Unit: A single source of related interactions such as a session, user, or install.
Cohort: A set of units that share a common characteristic or experience within a specific timeframe.

Metric definitions and measurement

We explored the retention rate metrics commonly used in the industry and examined the measurement use cases typically handled by the WMF product team. We then integrated this with our in-house data tracking methods on app users and proposed four definitions of retention rate: retention rate of one cohort, cumulative retention rate, average retention rate of multiple cohorts, and retention rate with two return windows.

Retention rate of one cohort

${\text{Retention Rate}}={\frac {\text{Number of units who returned over a given period}}{\text{Number of units in a cohort}}}\times 100\%$

In general, the retention rate measures the percentage of users who continue to use an app after their initial installation or interaction over a specific period. There are three major steps to calculate it: 1) measure the number of units in the cohort, 2) measure the number of returning units in the cohort over a given period, and 3) calculate the proportion. In the first two steps, specific details need to be defined based on your analysis needs and project requirements.

Step1: Measure the cohort size

When measuring the cohort size, there are two factors to define based on your application: the initial action and the cohort window.

Initial action: this could be an event such as app installation or the first interaction with the app.

Cohort window: this refers to the time period during which you want to sample the units that performed the initial action and group them into one cohort.

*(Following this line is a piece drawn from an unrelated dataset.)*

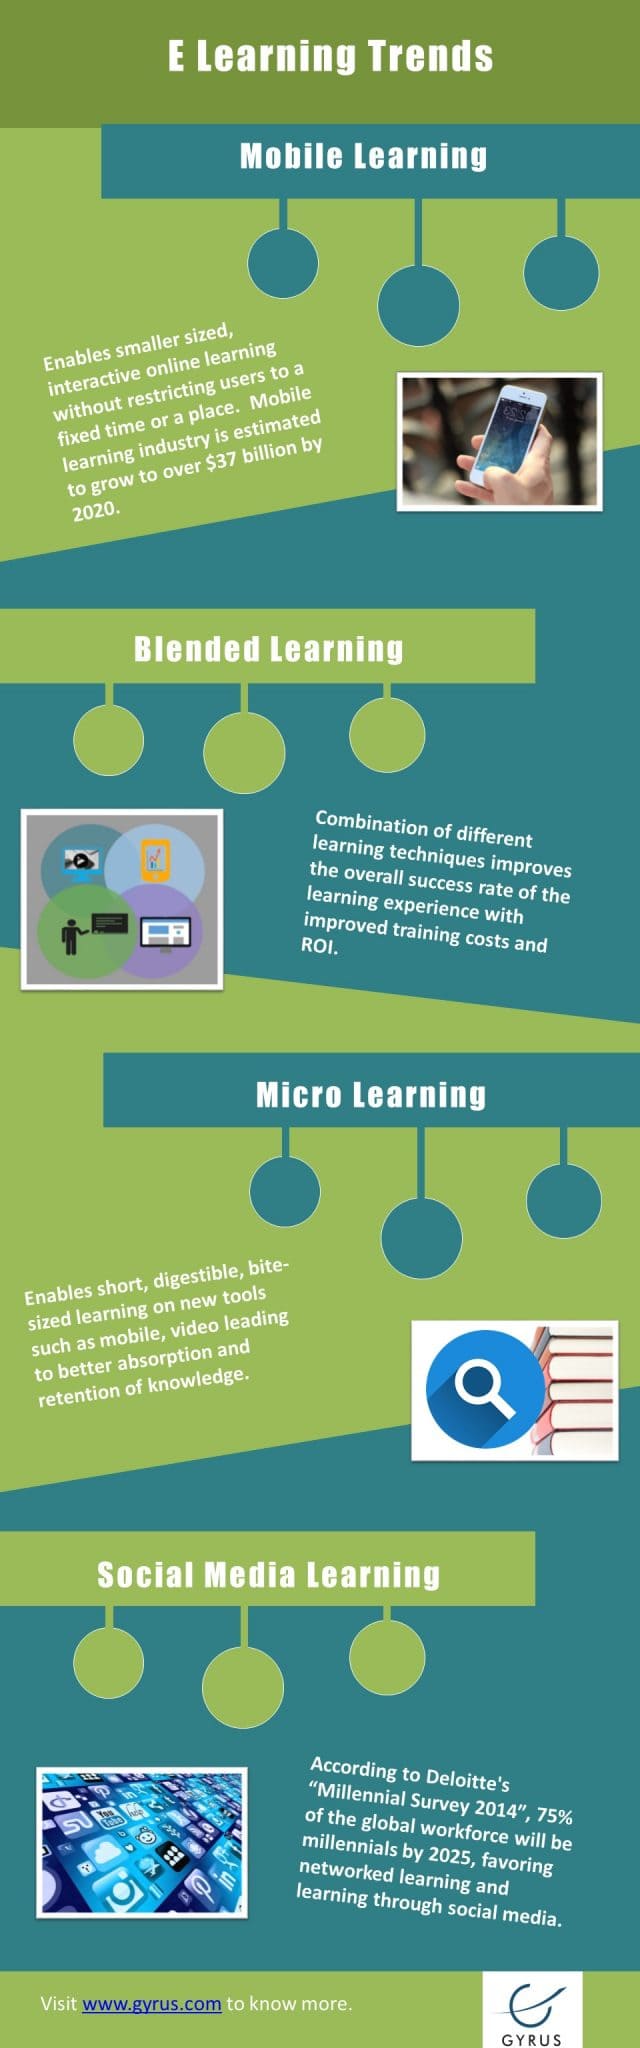 E Learning Trend

The cohort window could be as short as a day or a few days, or it could be longer, like 1 week, 2 weeks, 1 month, etc. The length of the window depends on the unit’s behavior patterns and the purpose of the measurement.

Cohort Window Case Example

For shorter-term measurements, such as daily monitoring, the most commonly used cohort window is one day. For medium-term measurement, such as A/B testing (which typically runs 2-4 weeks in WMF), the ideal cohort timing window could be a few days or a couple of weeks to ensure sufficient data for return measurement, which is the numerator in the equation. For longer-term measurements, such as high-level metrics, the cohort timing window can be one month or even several months. Since some unit identifiers may expire or be hashed after a certain period, they should also be examined when selecting the window.

To measure the cohort size, count the total number of unique units that performed the initial action during the cohort window. Here are a few examples.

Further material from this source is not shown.